Best Uses And Placement

Alligator statues are always a crowd pleaser in businesses and restaurants especially those with a southern theme. They naturally command attention even when they aren’t prominently displayed, can add character, and always make for great photo opportunities.

At home you may want to use an alligator garden statue in a flower bed,  porch, or right on the front lawn to show your southern pride or love of gators. When placed on your front lawn your gator may even be able to deter dogs from using your grass as their favorite bathroom spot.

Adding an alligator on your deck or in your yard near your pond or pool is a natural choice. You may want to place your statue so it looks like its sunning itself near the water or even partially submerged in the water. While a statue won’t provide realistic movement like an alligator decoy, it can often help to keep backyard pests away from ponds and pools.

Fish-eating birds, pooping ducks and geese, and mischievous raccoons may stay away when your gator statue is in a visible spot. And don’t be afraid to bring smaller statues indoors where they can be displayed on counters, desks, or shelves.

Fooling Friends And Looking Real

There are a couple of ways you can help to make your gator seem real as possible. One is to place the statue so that it is only partially visible. This will make it look as if it’s trying to stay hidden just like a real animal would do.

It also prevents your guests from being able to see the entire statue clearly. And most people aren’t going to get close enough to make sure. Another option is to put in a location where they are sure to run into it. Placing next to a garden path for example can often cause quite a reaction.

Some people even like to keep their gator close to the front door for more regular reptile surprises. You may even want to help set the stage first by telling them a gator has been spotted recently in neighborhood.

While it’s all in good fun, just remember to be responsible. Some people may have extreme reactions. Life-size alligator statues in particular can cause quite a fright, since a run in with a big gator in real life could really mean you’re lunch.


Personalizing Your Pet

Alligator statues are one piece of garden décor that you’ll want to personalize with a name. Al and Ally are common choices and so are any names that sound southern or Cajun.

Many new gator owners even like to give their new pet a collar to show guests that he’s just a friendly statue. But of course you may want to leave them guessing.


Statue Friends For Your New Toothy Pet

Once you have a gator statue collecting other statues to go along with it is always fun. This could be your chance to get creative with your outdoor space with a certain theme, such as a tropical one for example.

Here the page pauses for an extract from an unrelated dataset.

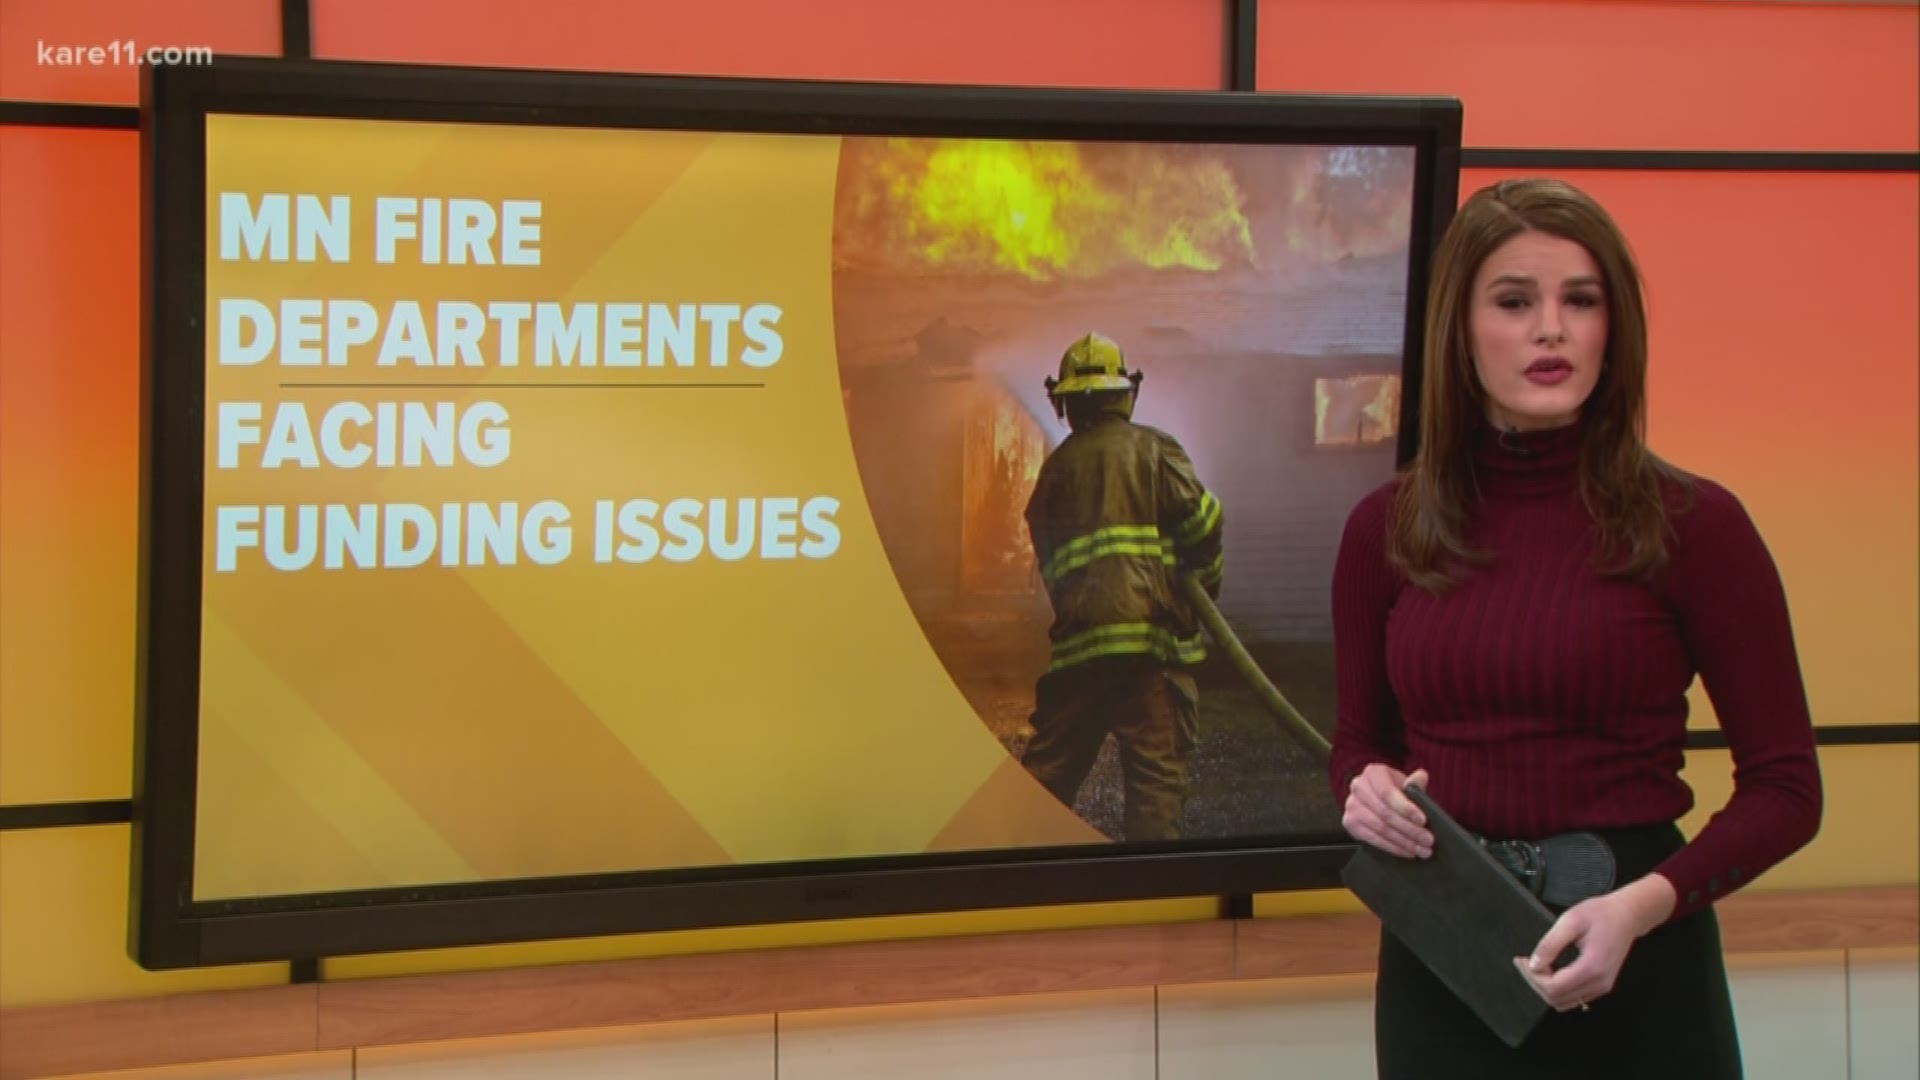 A new study from the Minnesota State Fire Chiefs Association says the state ranks 48th in the nation for fire department funding.

Because gators are semi-aquatic themselves, it’s very popular to add statues of other water-loving creatures too. For instance some frogs, or a turtle statue or two can help to keep your alligator company. Of course these can be used near water or simply in the garden.

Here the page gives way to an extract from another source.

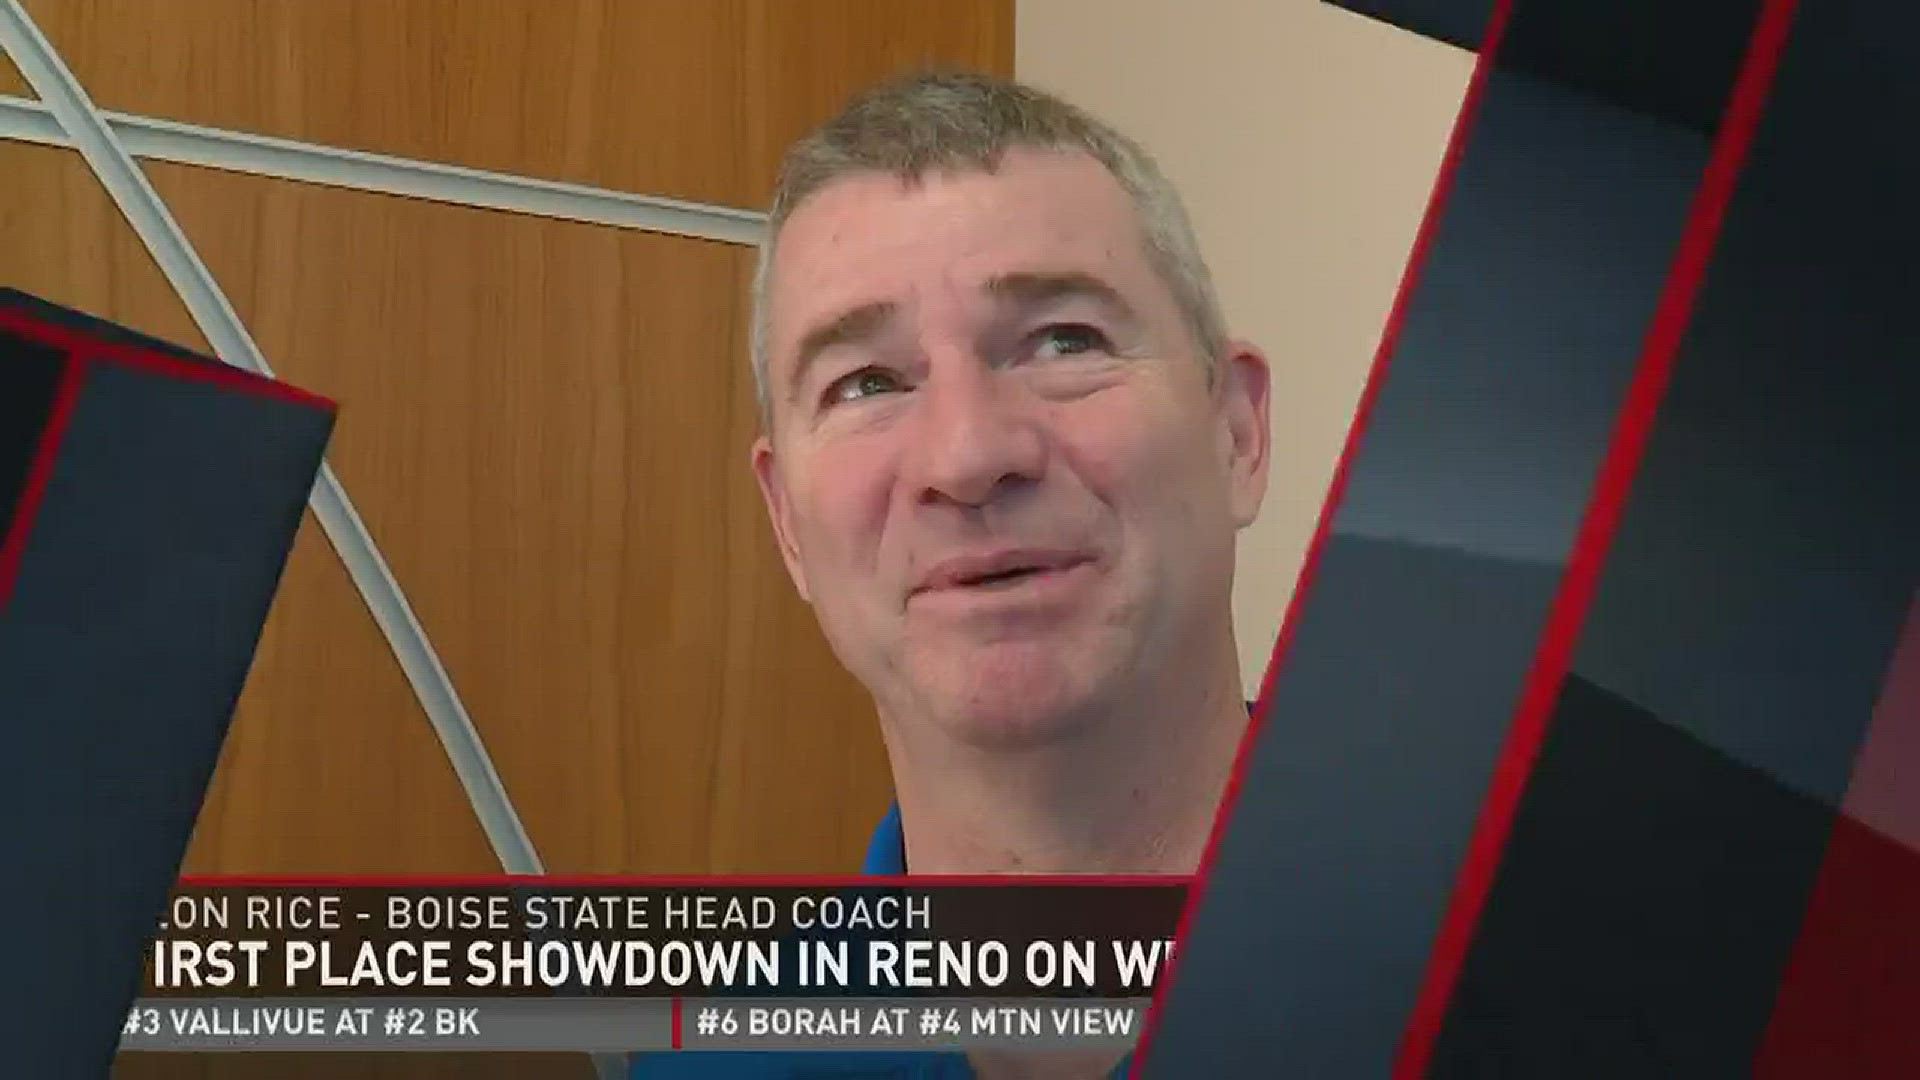 The Boise State men's basketball team will face Nevada in Reno on Wednesday night.

Statues of wetland bird species such as egrets, flamingos, and herons can also be attractive options that naturally go well with gators. As an added bonus a heron statue in particular can actually help to keep real herons and fish eating birds away from ponds.

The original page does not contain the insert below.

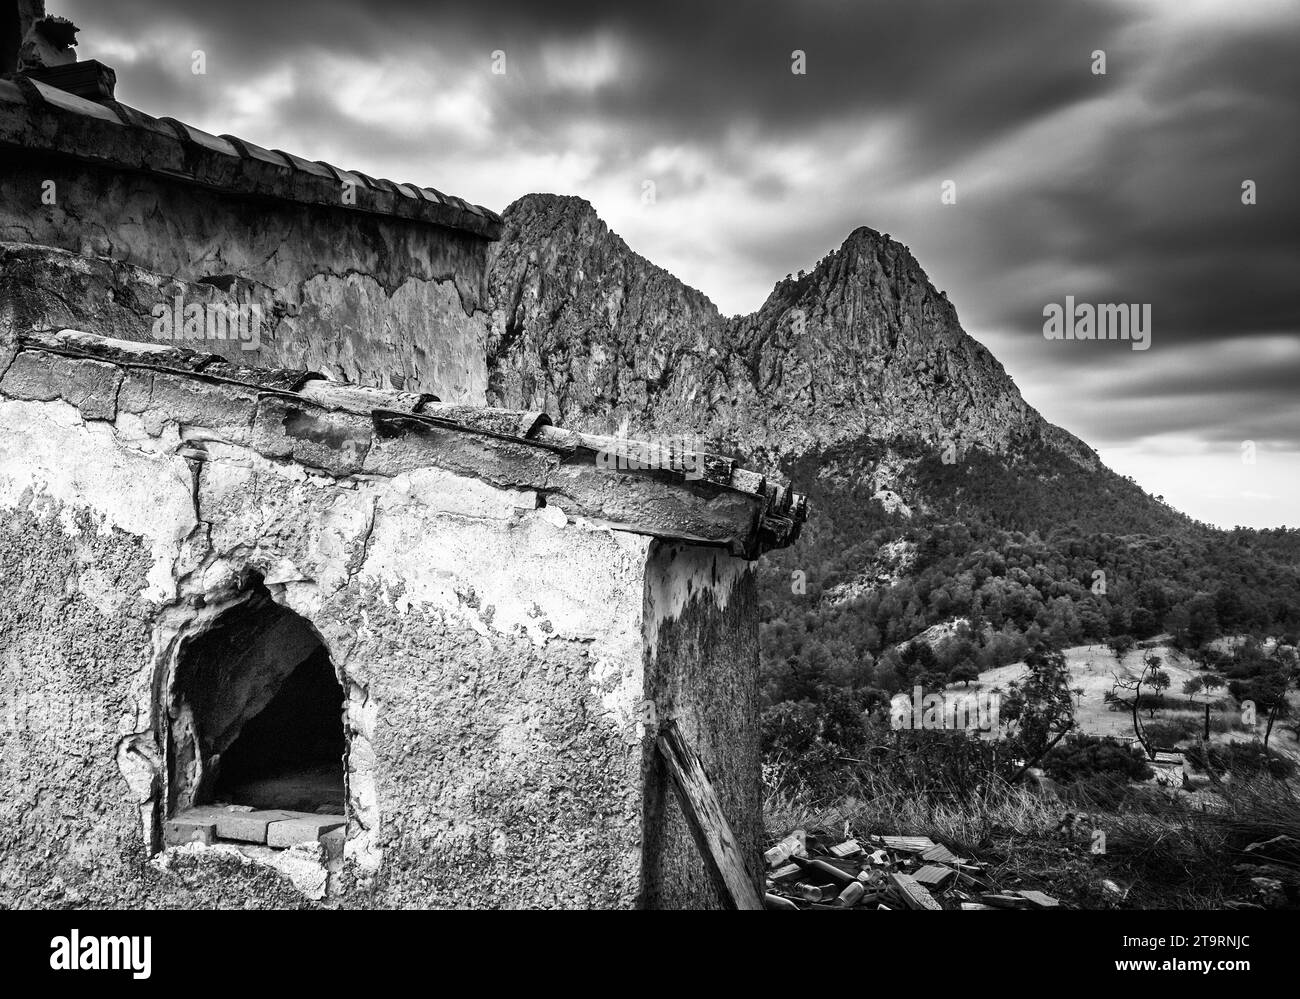 Oven from an abandoned house in Sella Stock Photo

You may want to give you’re a gator a mate, some babies, or a crocodile statue cousin. If your gator is on land a floating gator decoy can be placed in your pond or pool give company while also scaring away pests. And of course don’t overlook statues of other potential scaly reptile buddies such as iguanas and snakes.

Adding an alligator statue to your space is always a unique way to go to say the least. And with this guide you now have everything you need to find your perfect gator.